Data ->
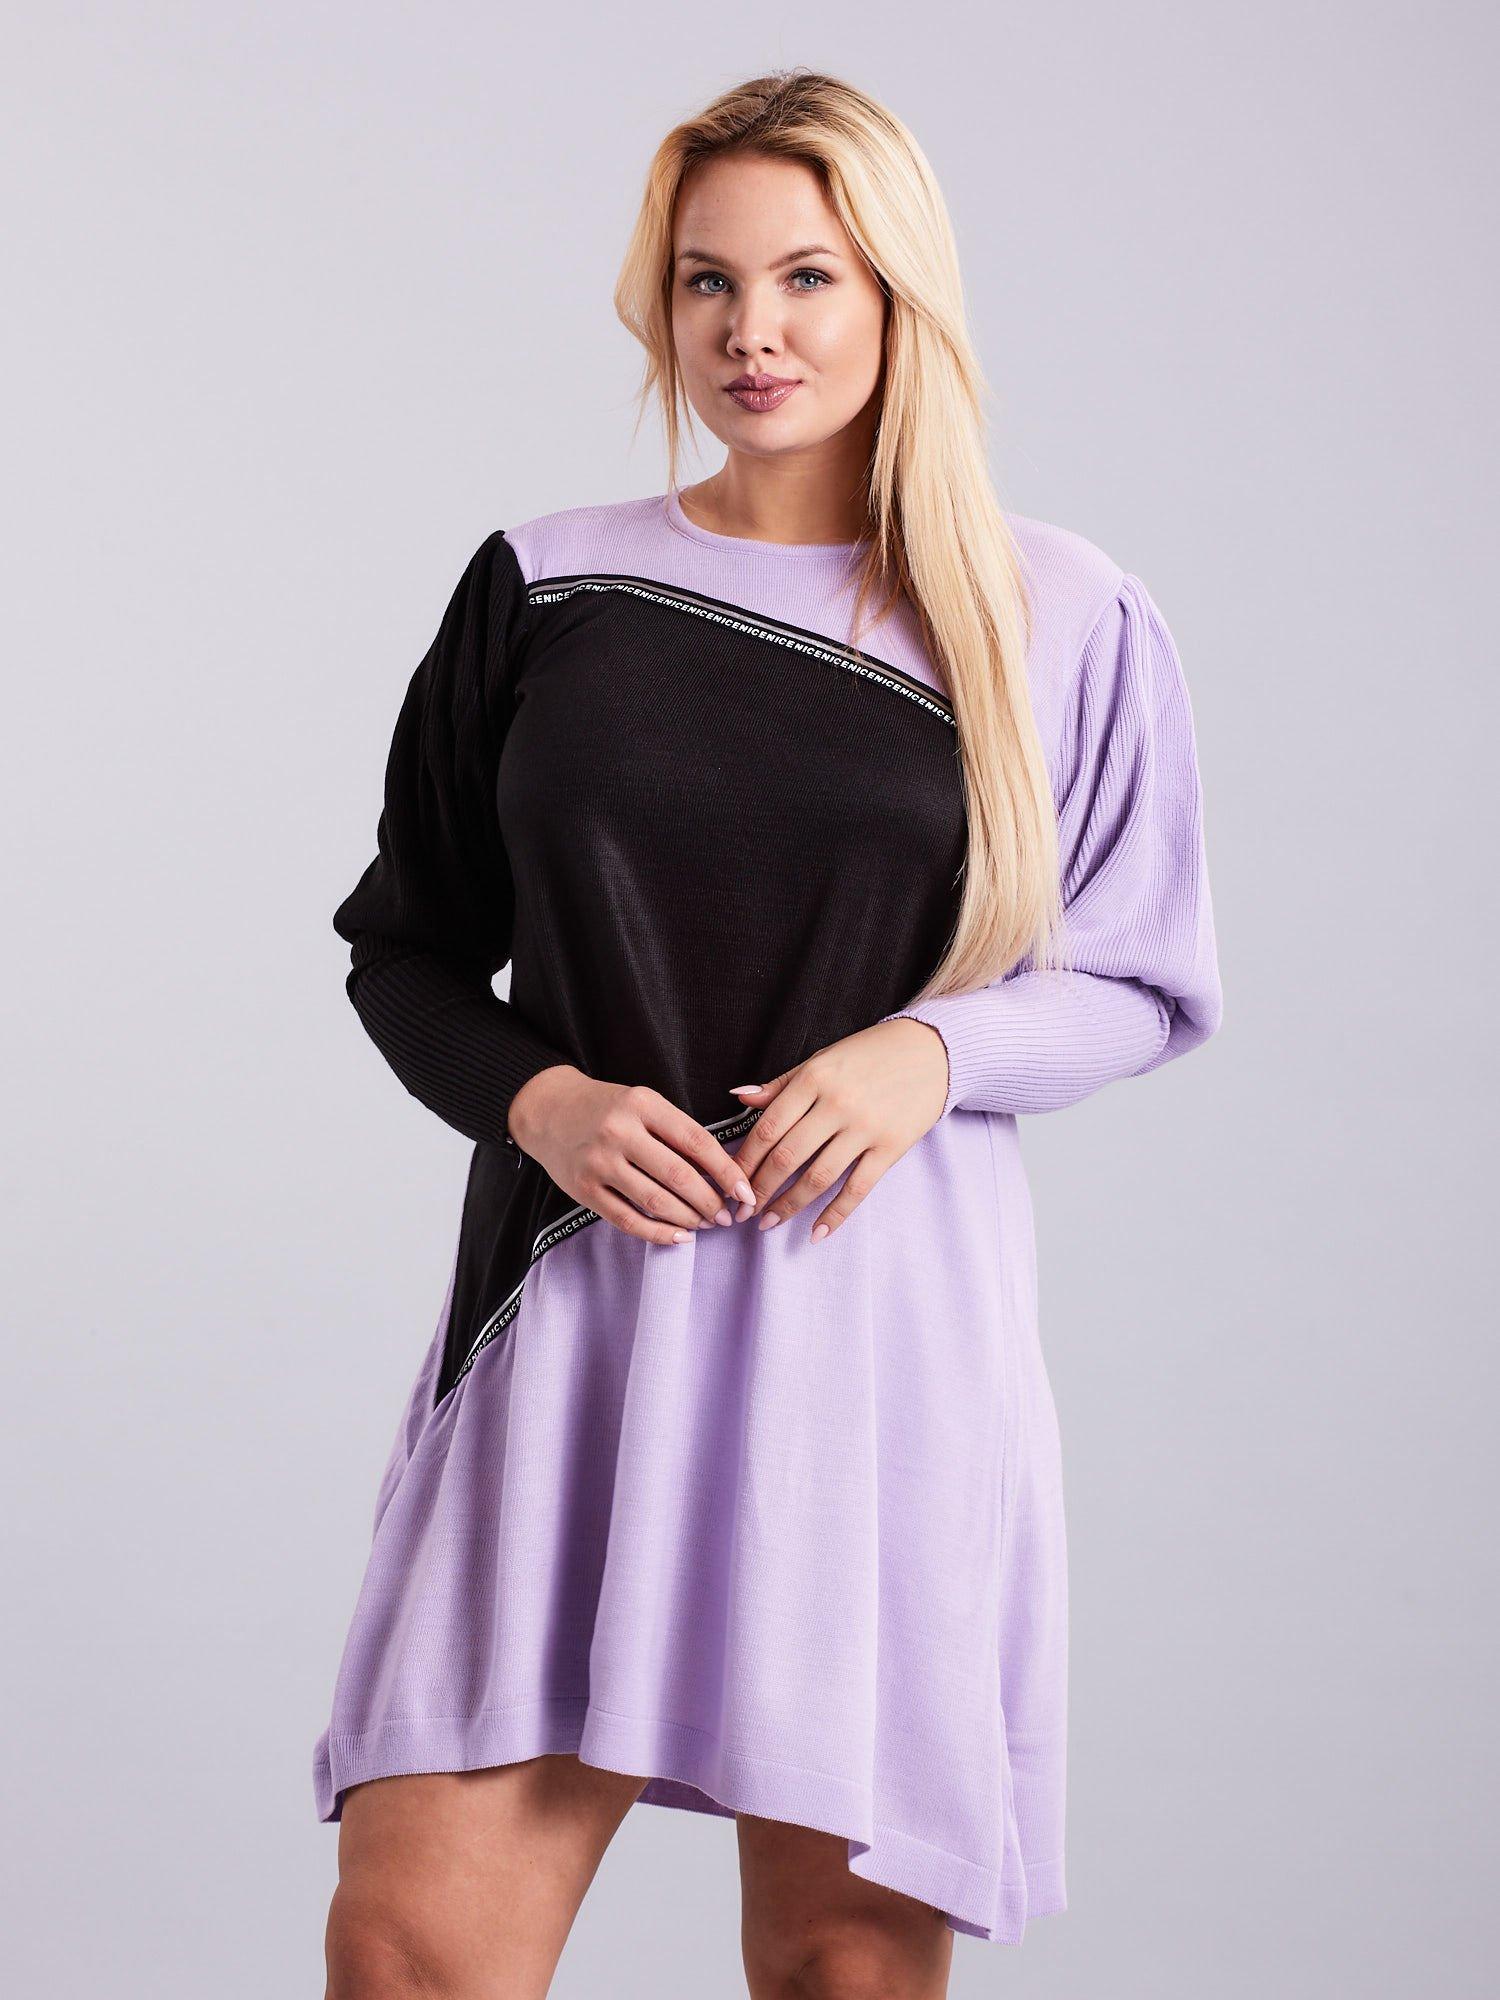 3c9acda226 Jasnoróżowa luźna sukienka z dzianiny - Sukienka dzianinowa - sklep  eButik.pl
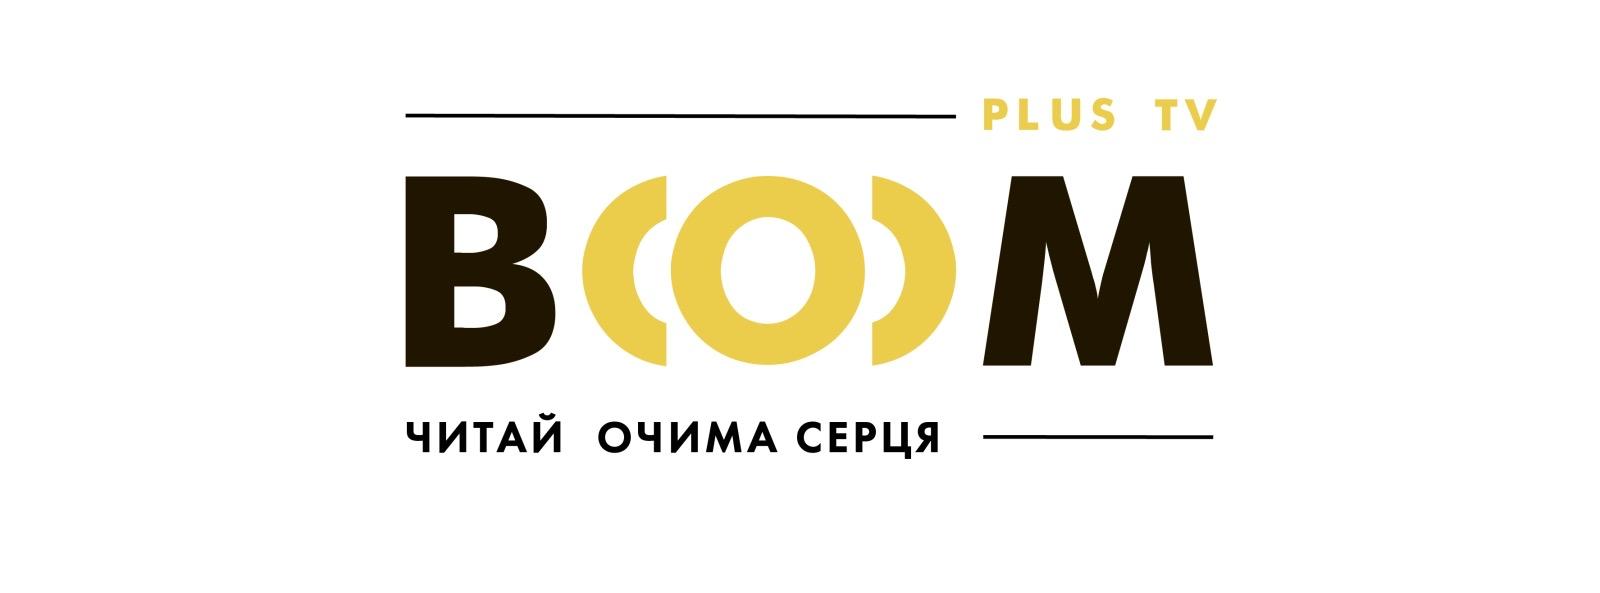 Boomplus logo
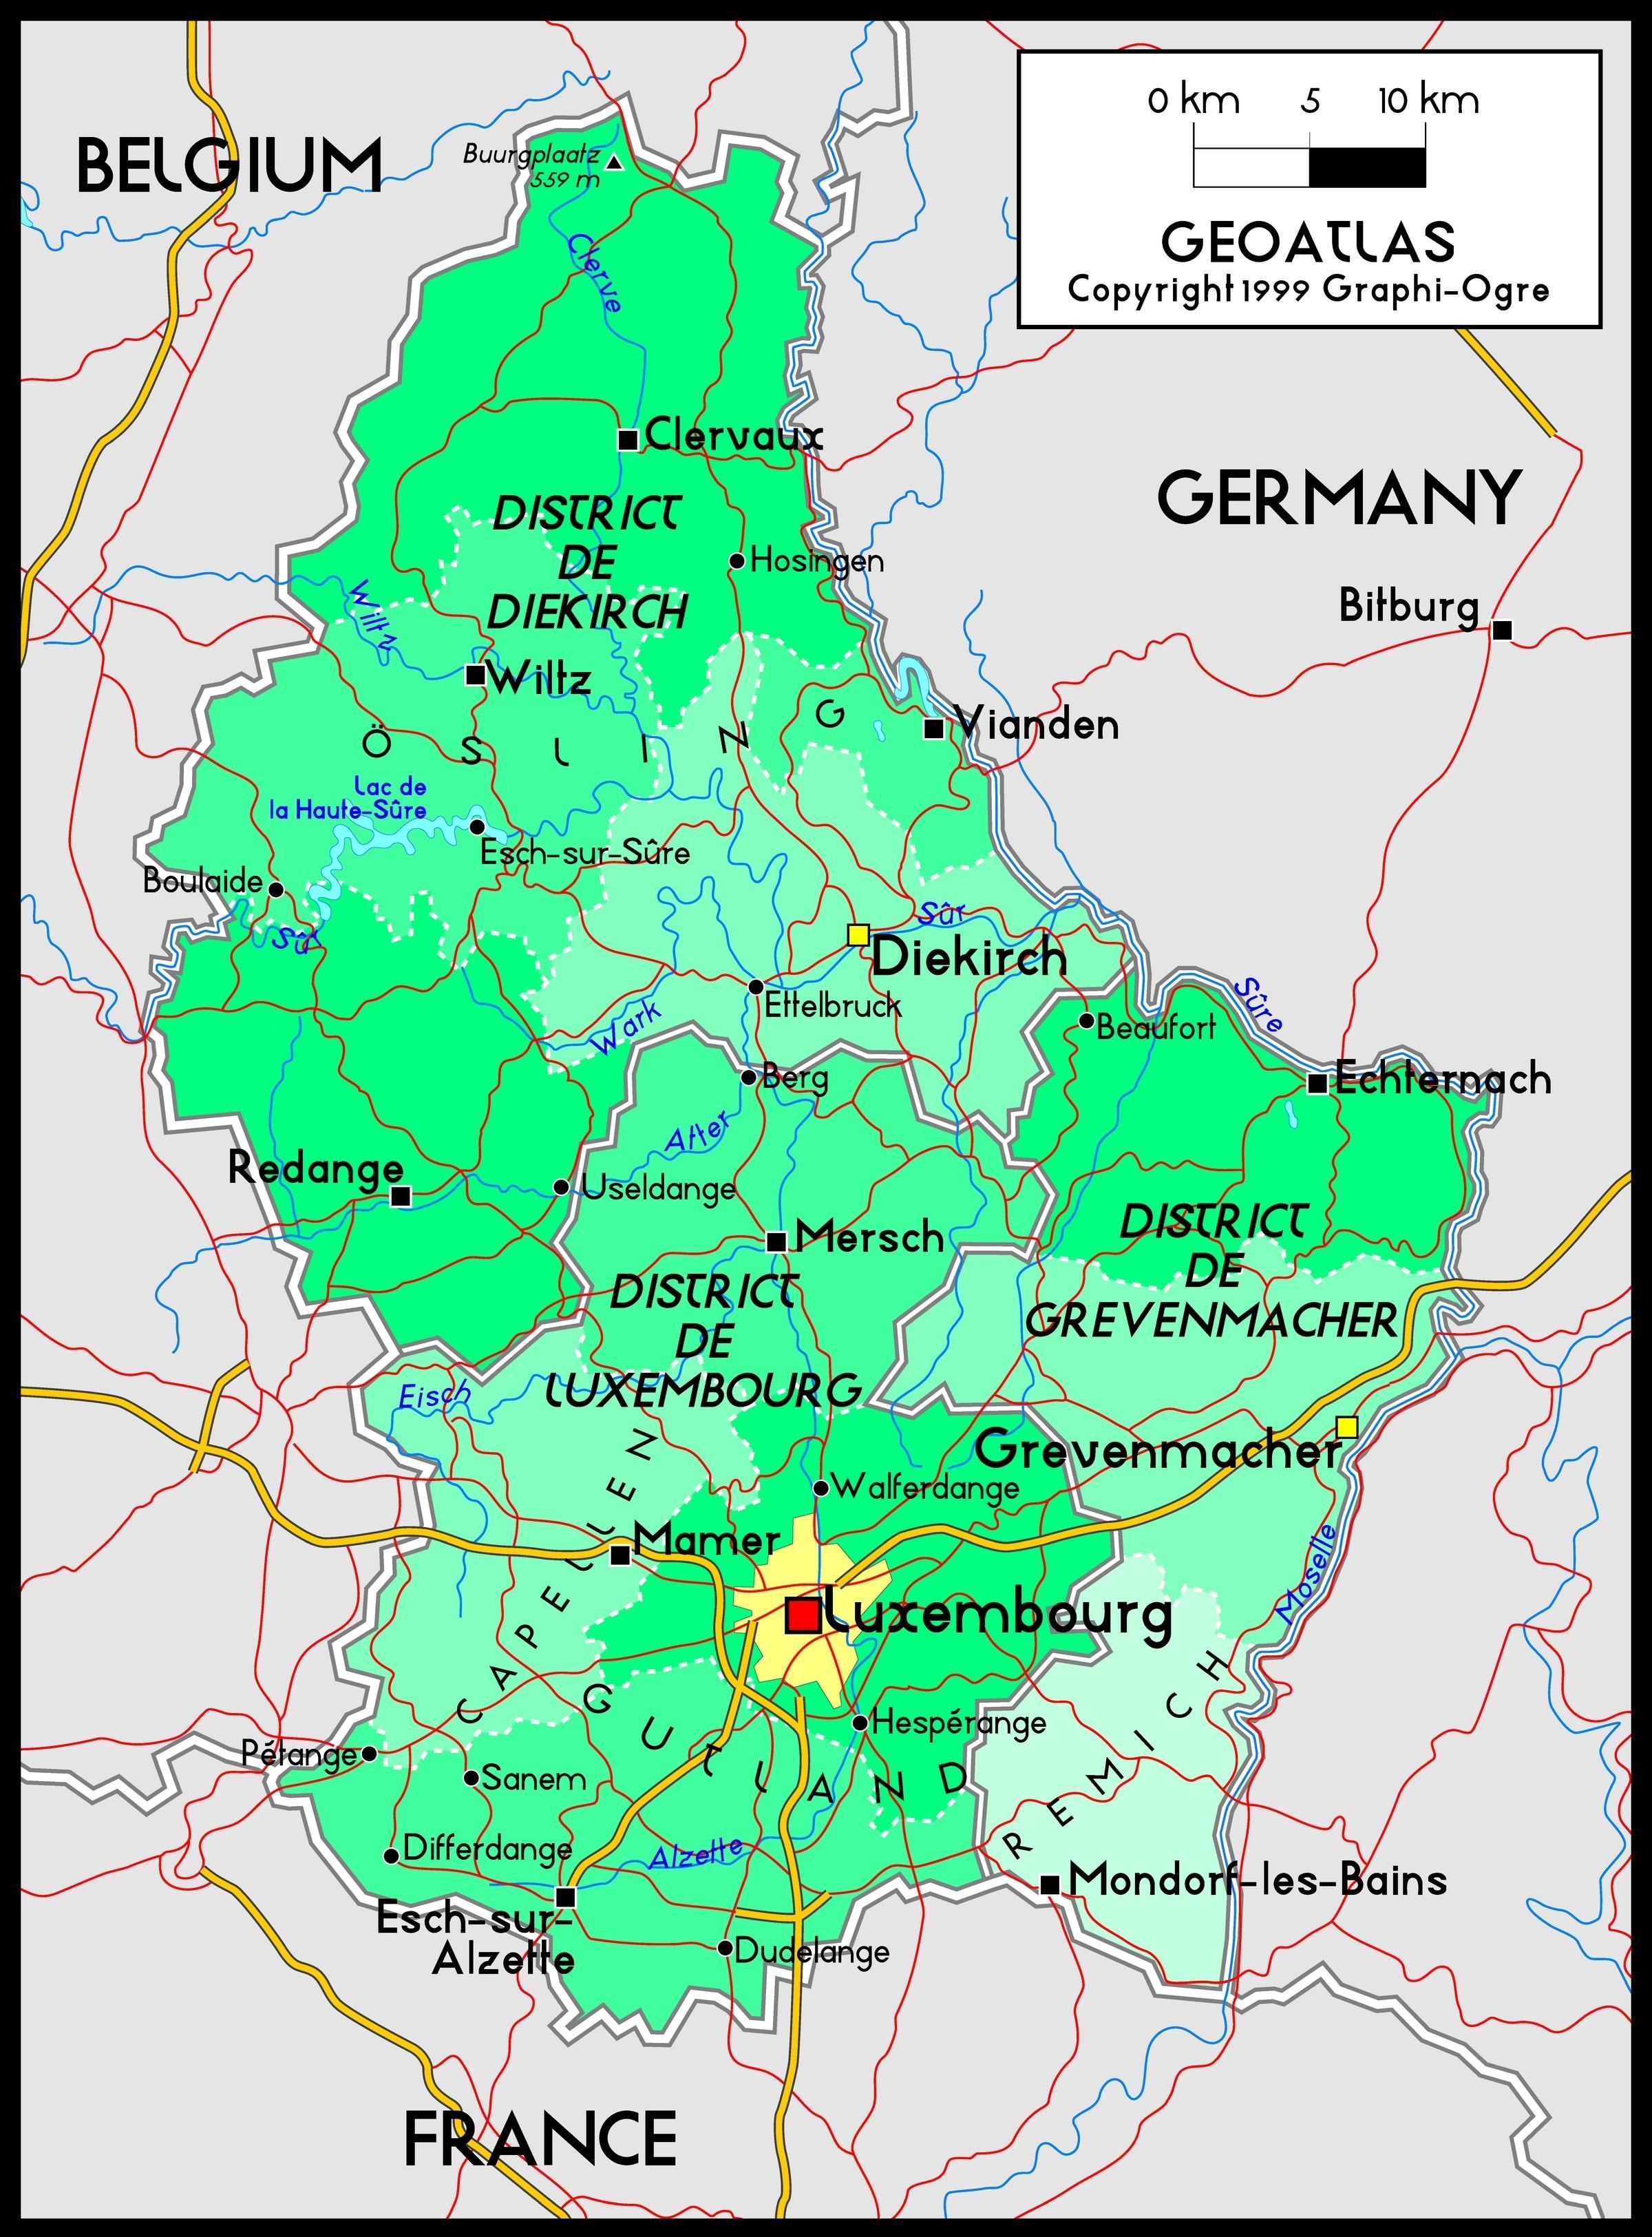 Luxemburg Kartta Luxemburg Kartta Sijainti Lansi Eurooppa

Assignment ->
Omit the pictures, then output the rest of the listing exactly.

Answer ->
 3c9acda226 Jasnoróżowa luźna sukienka z dzianiny - Sukienka dzianinowa - sklep  eButik.pl
 Boomplus logo
 Luxemburg Kartta Luxemburg Kartta Sijainti Lansi Eurooppa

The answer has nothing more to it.